§ Problem to work on: Give back the full listing exactly, setting the pictures aside.

§ Available data:
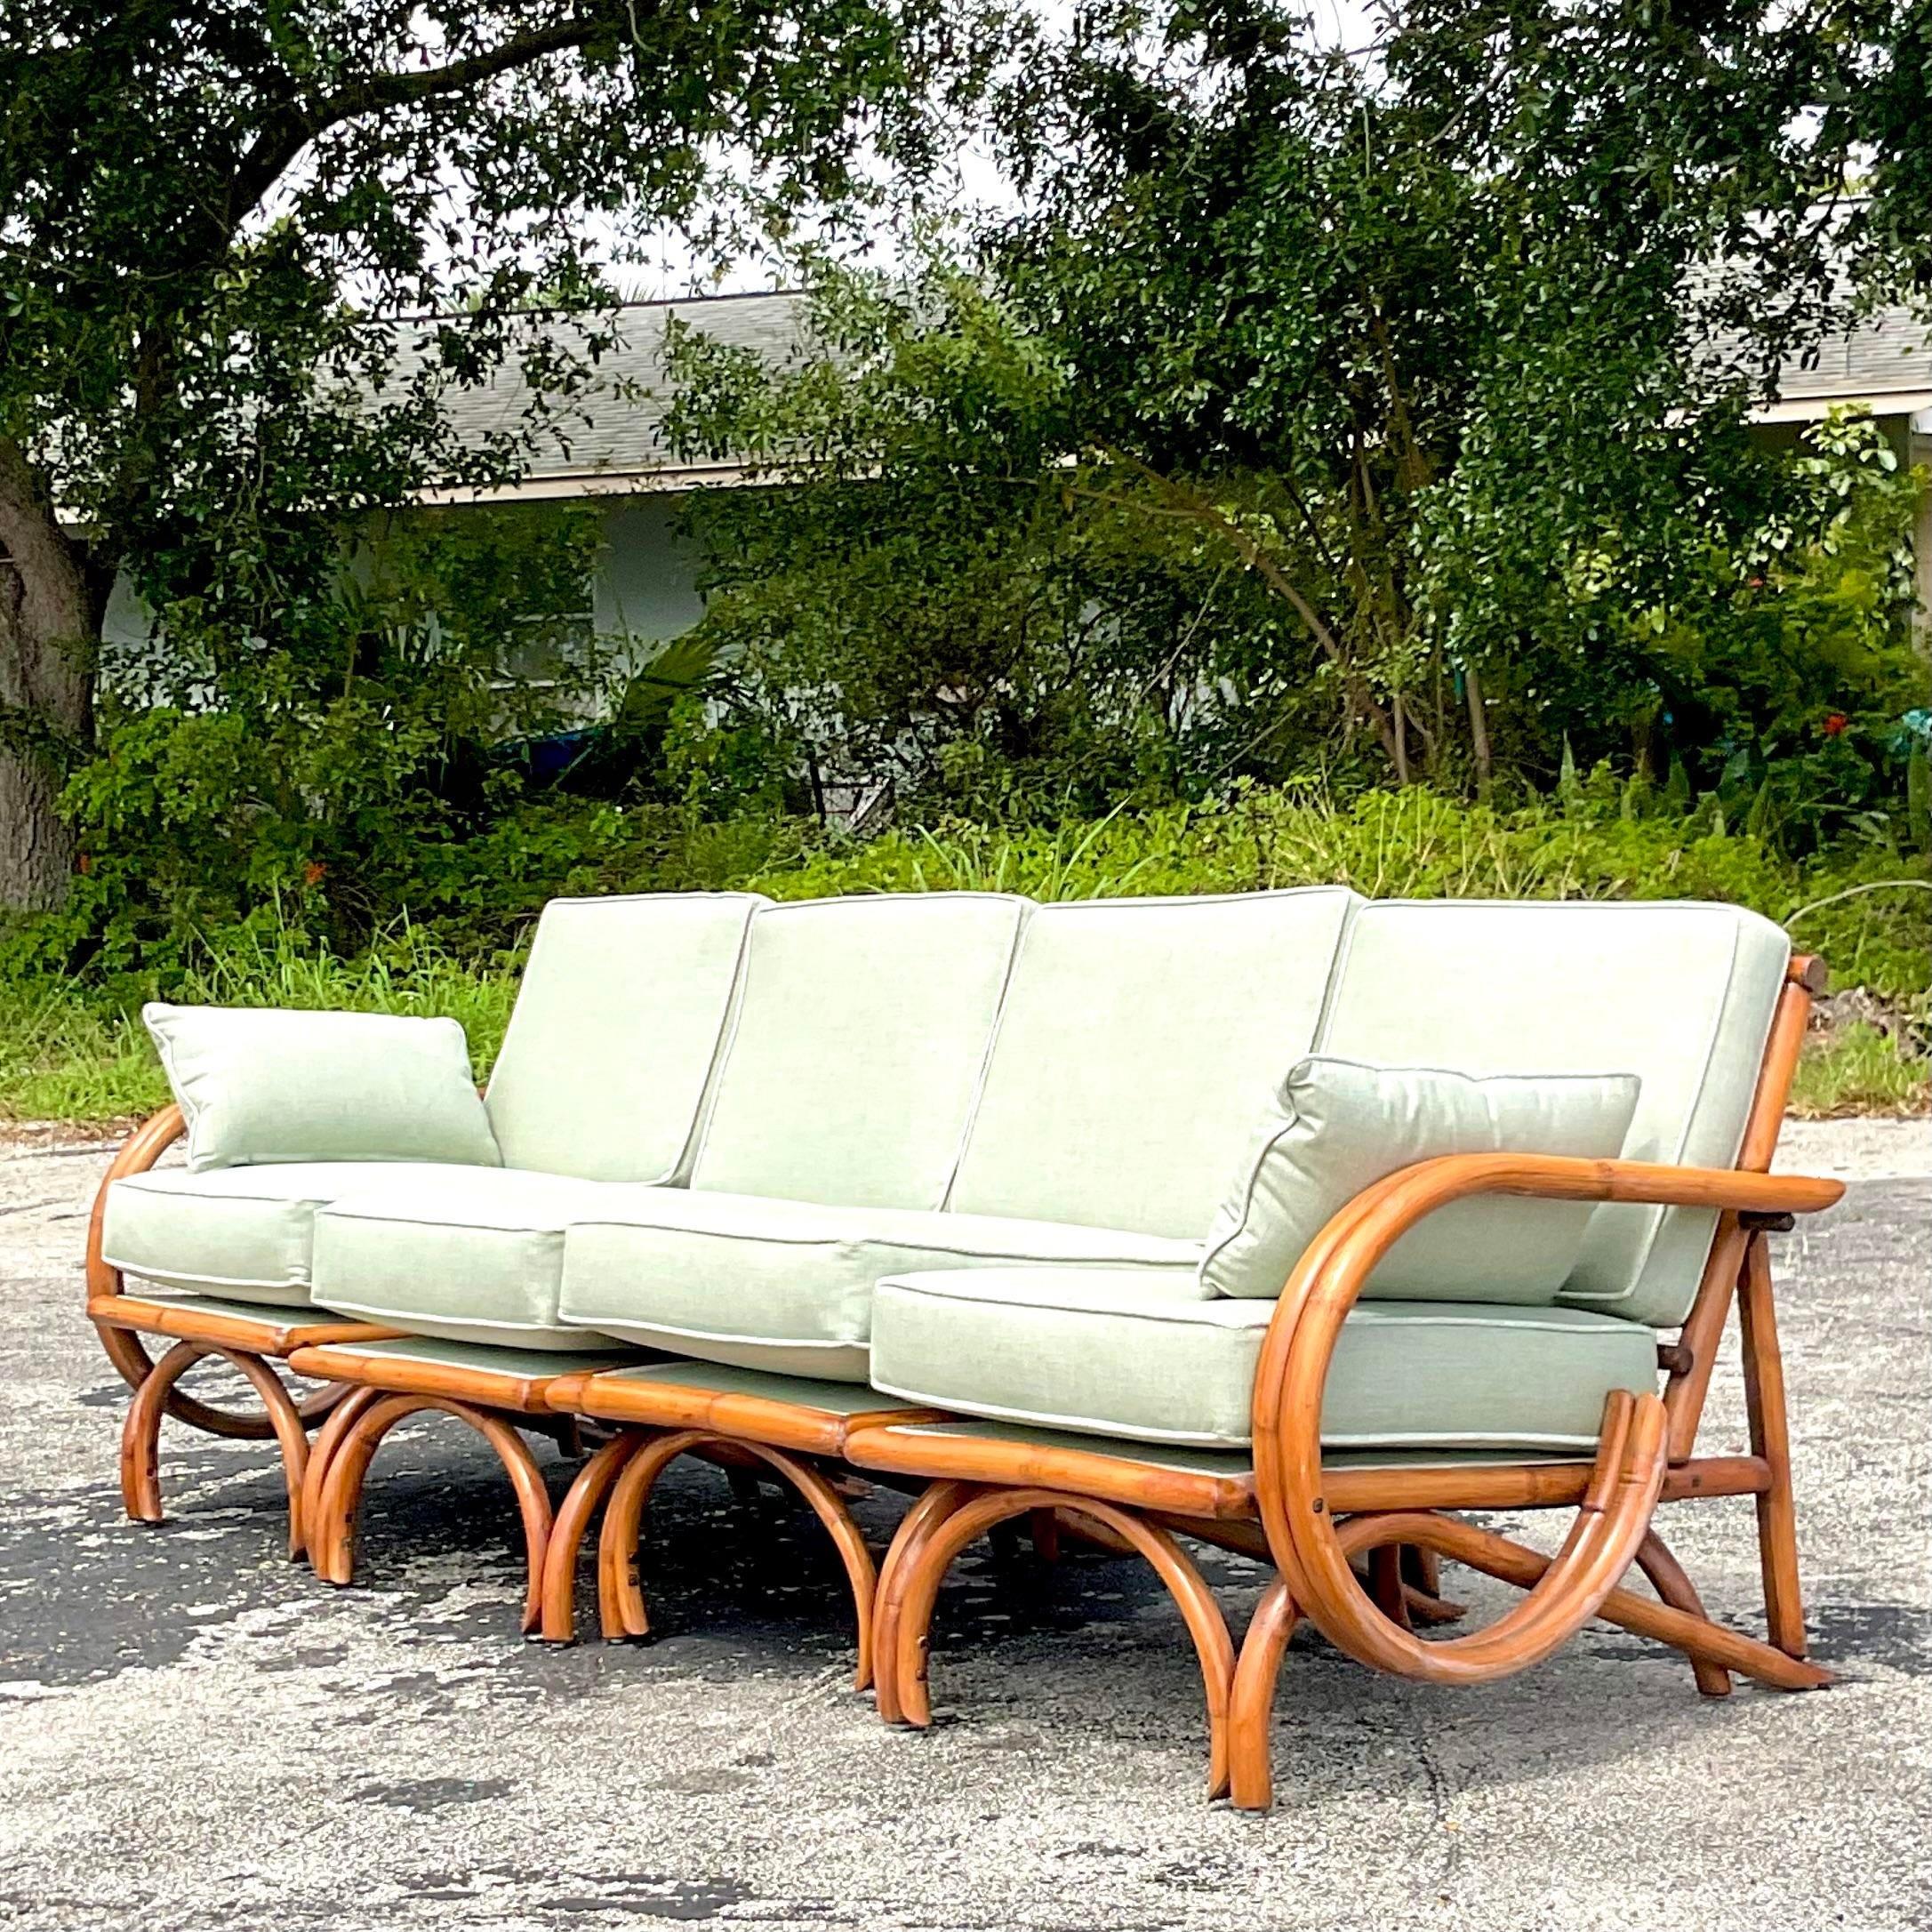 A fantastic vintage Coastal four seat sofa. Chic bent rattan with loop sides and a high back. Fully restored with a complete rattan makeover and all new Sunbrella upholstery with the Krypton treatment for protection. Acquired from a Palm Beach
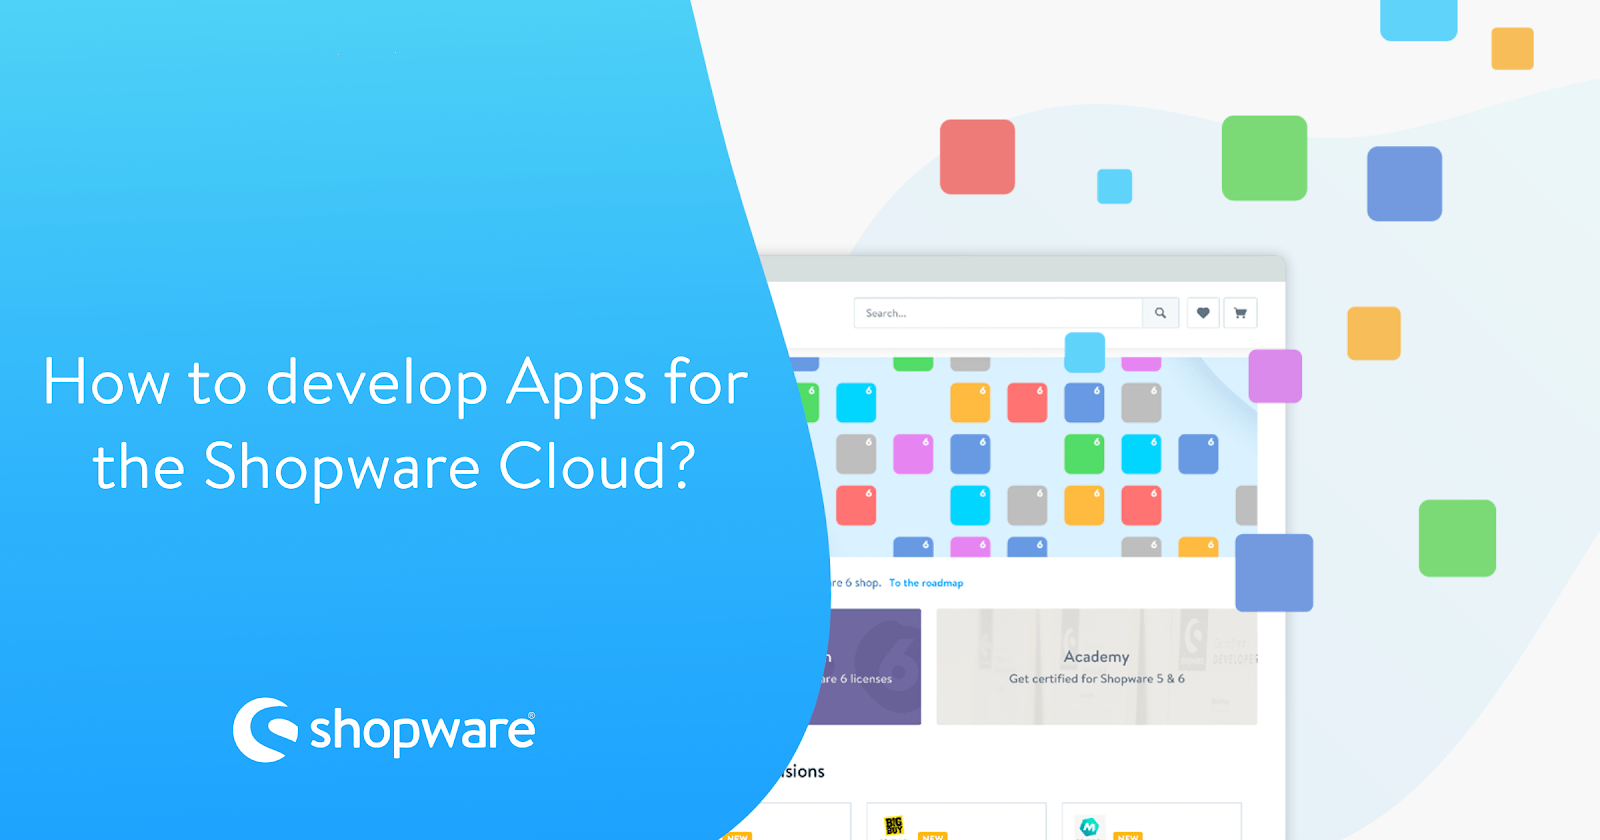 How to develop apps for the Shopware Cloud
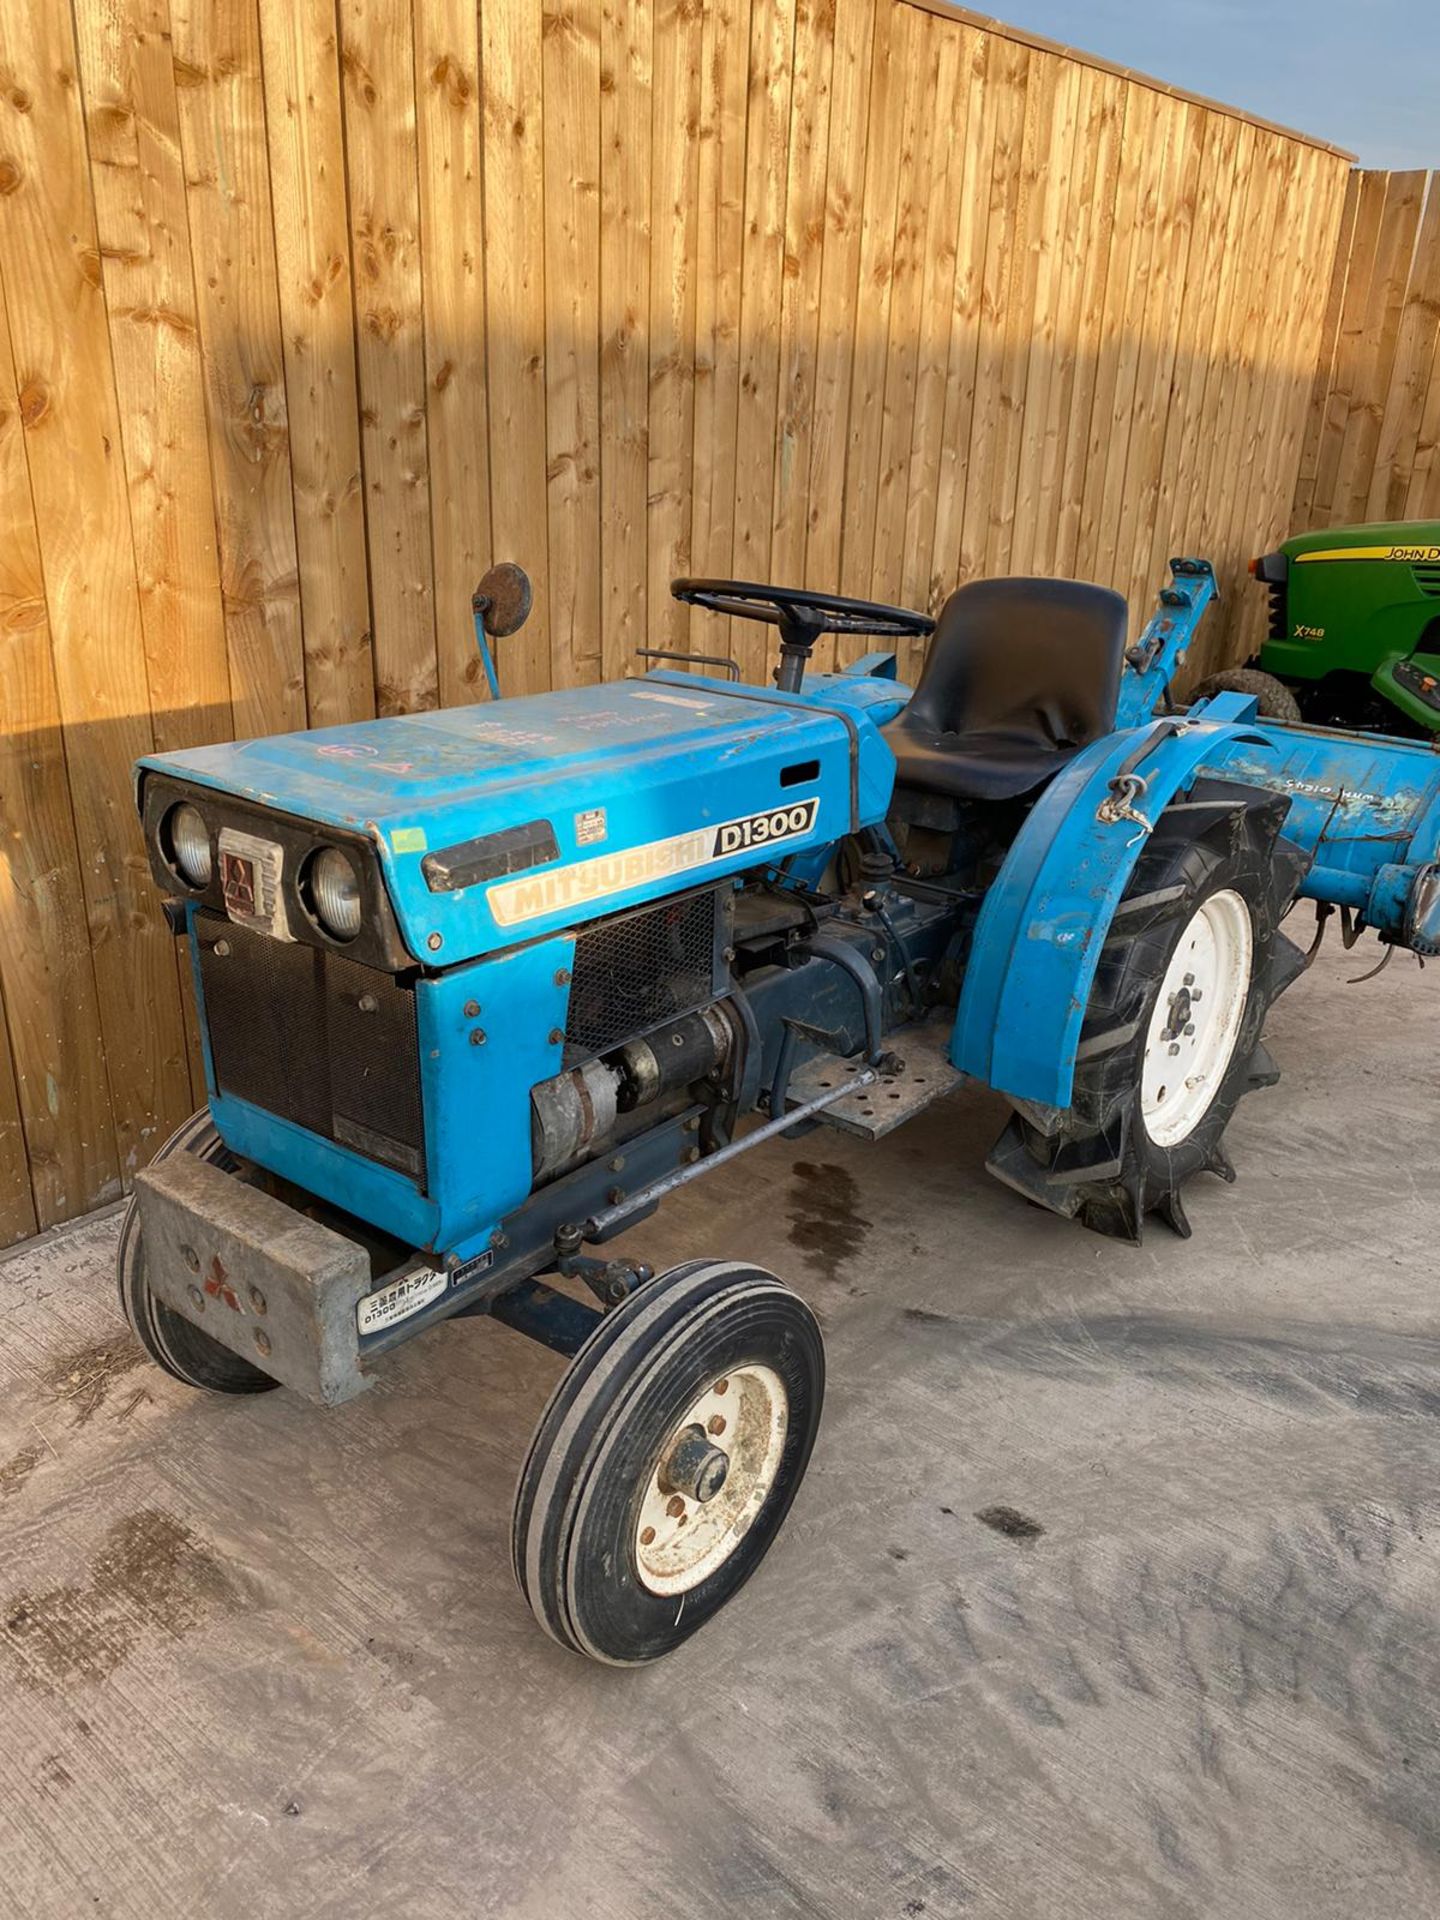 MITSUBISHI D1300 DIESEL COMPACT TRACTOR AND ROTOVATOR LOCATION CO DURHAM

§ Exercise output:
 A fantastic vintage Coastal four seat sofa. Chic bent rattan with loop sides and a high back. Fully restored with a complete rattan makeover and all new Sunbrella upholstery with the Krypton treatment for protection. Acquired from a Palm Beach
 How to develop apps for the Shopware Cloud
 MITSUBISHI D1300 DIESEL COMPACT TRACTOR AND ROTOVATOR LOCATION CO DURHAM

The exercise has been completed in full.